Exercise:
Set out word for word the line that contains "shoes slogans taglines" and each line after it, through the end of the data below, but exclude the pictures.

Information shown:

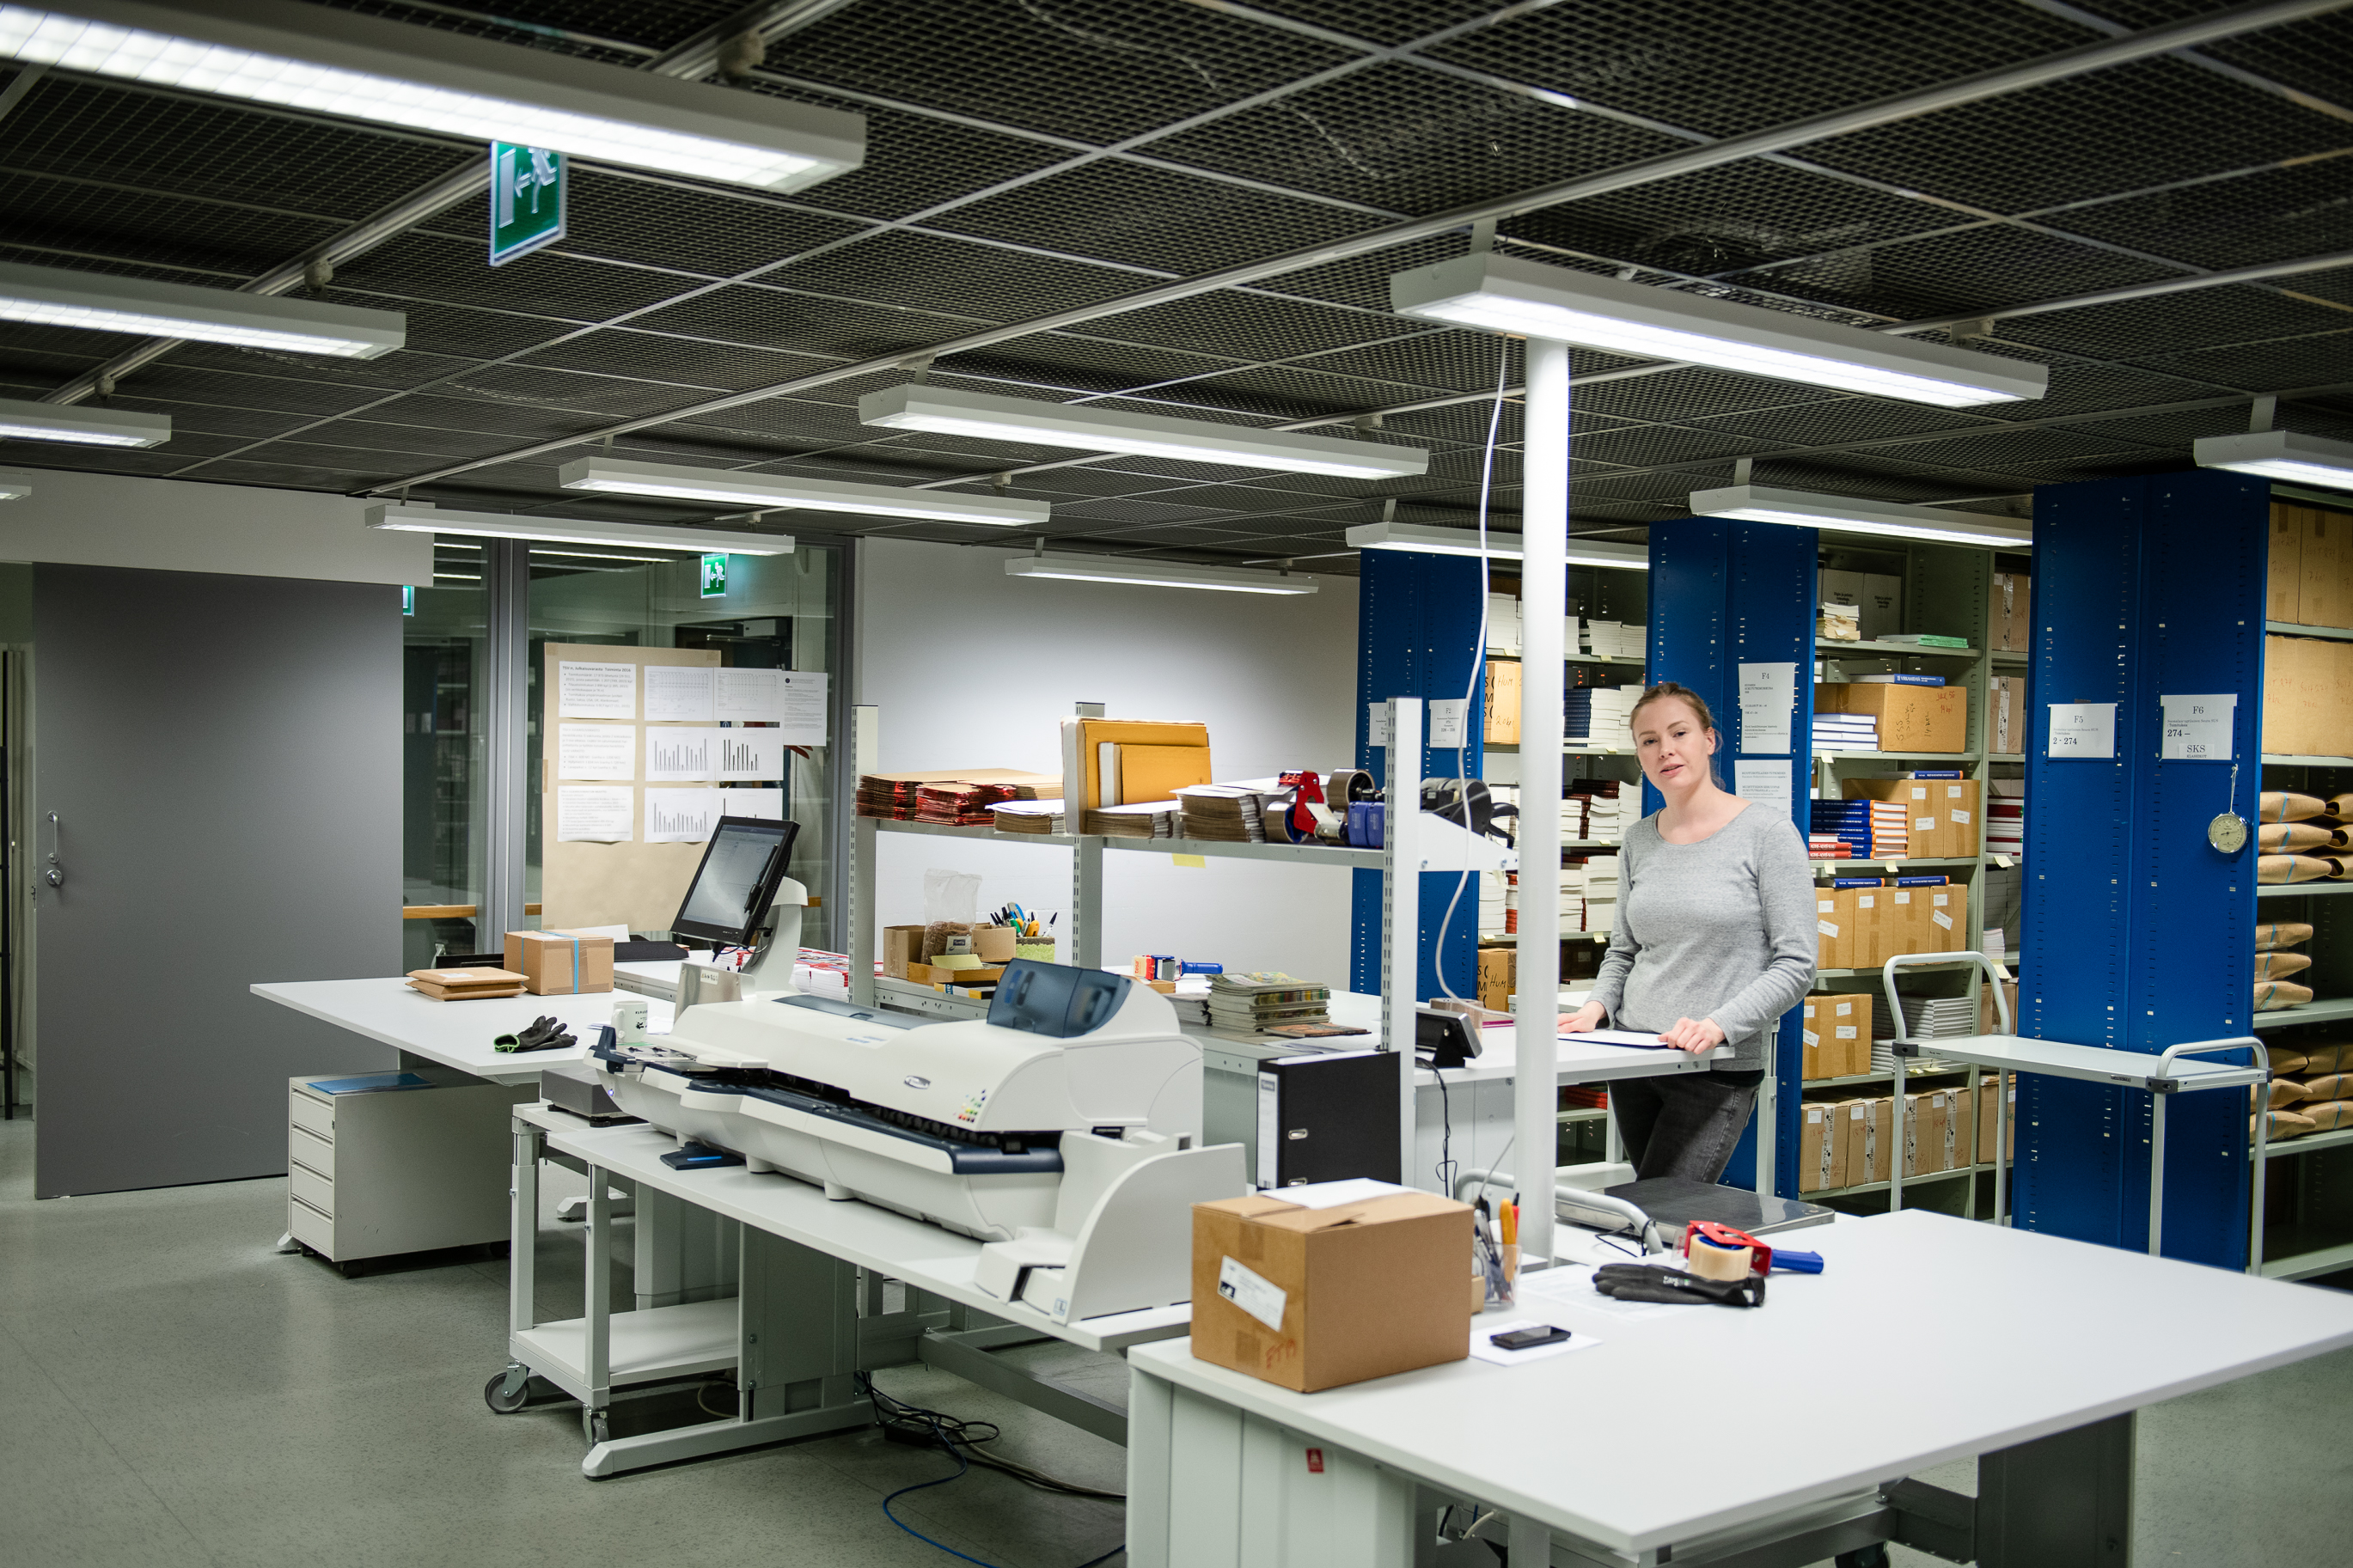 Julkaisuvaraston pakkaamo, kyllyjä ja pöytätaso, jossa paljon erilaista tavaraa ja laitteistoa.
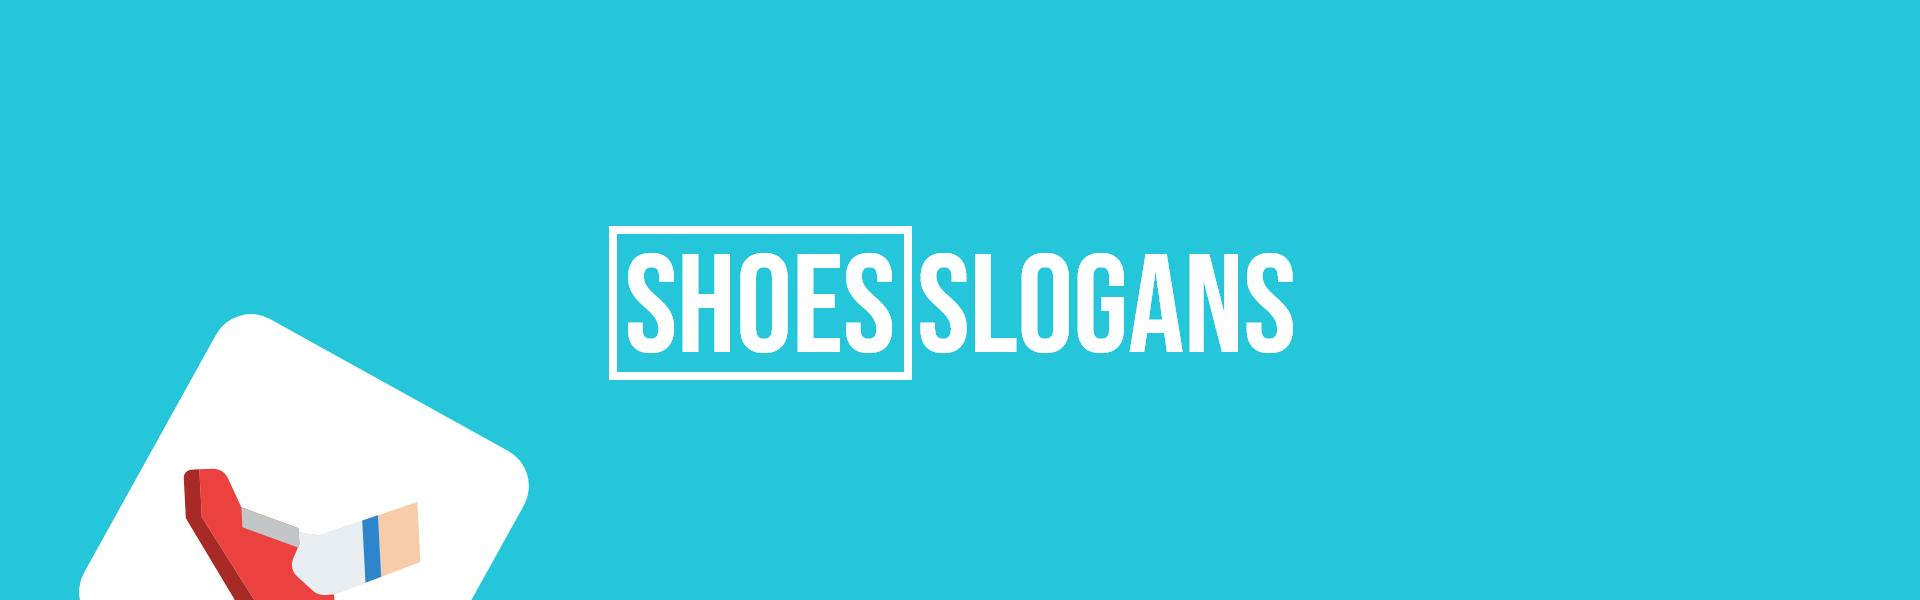 shoes slogans taglines
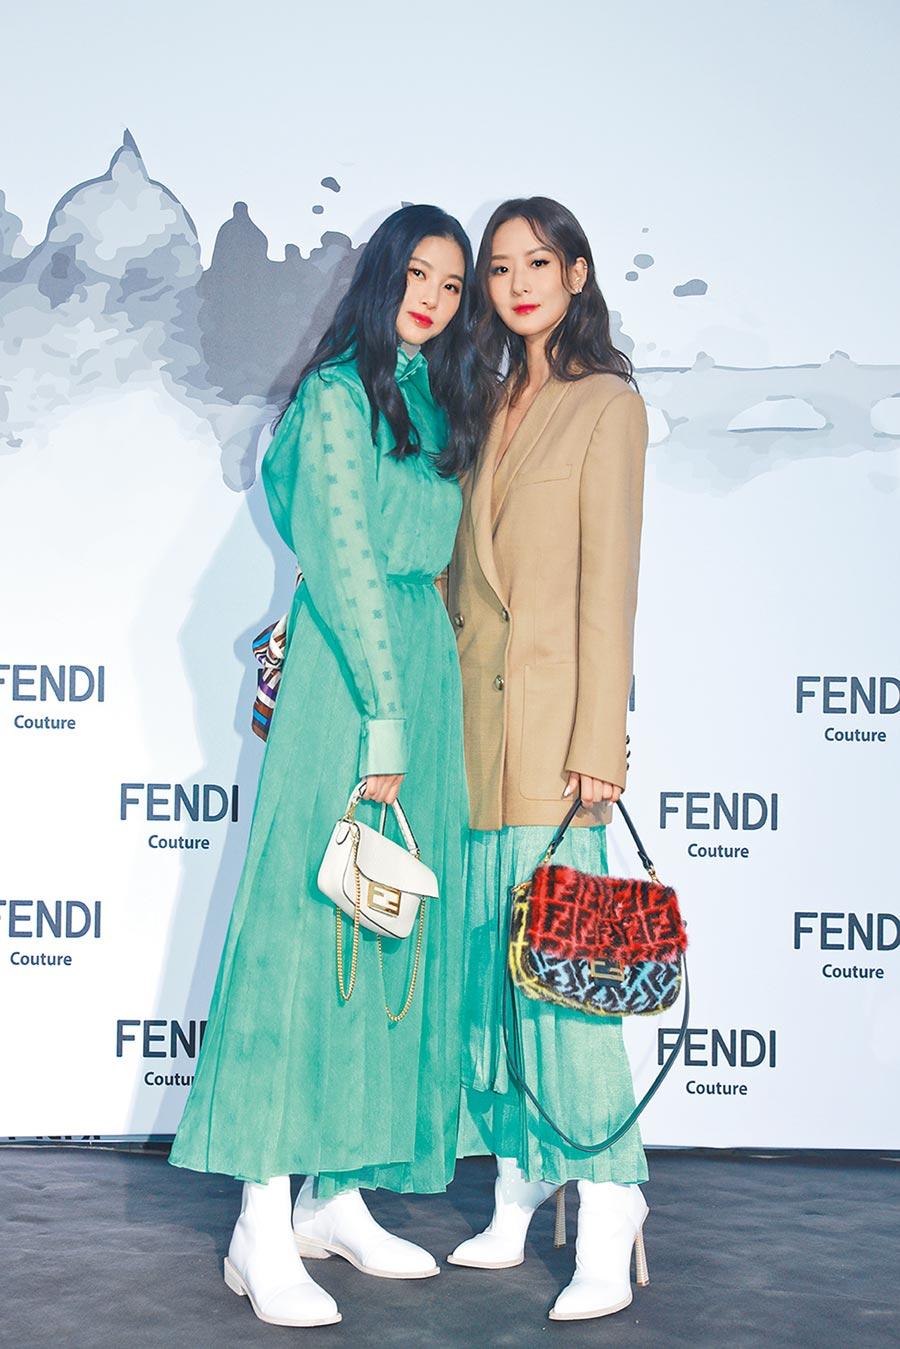 孫芸芸(右)與姊姊孫瑩瑩一起穿上綠色系裙裝,赴羅馬參加FENDI的2019秋冬高級訂製服大秀。(Fendi提供)

Task output:
 shoes slogans taglines
 孫芸芸(右)與姊姊孫瑩瑩一起穿上綠色系裙裝,赴羅馬參加FENDI的2019秋冬高級訂製服大秀。(Fendi提供)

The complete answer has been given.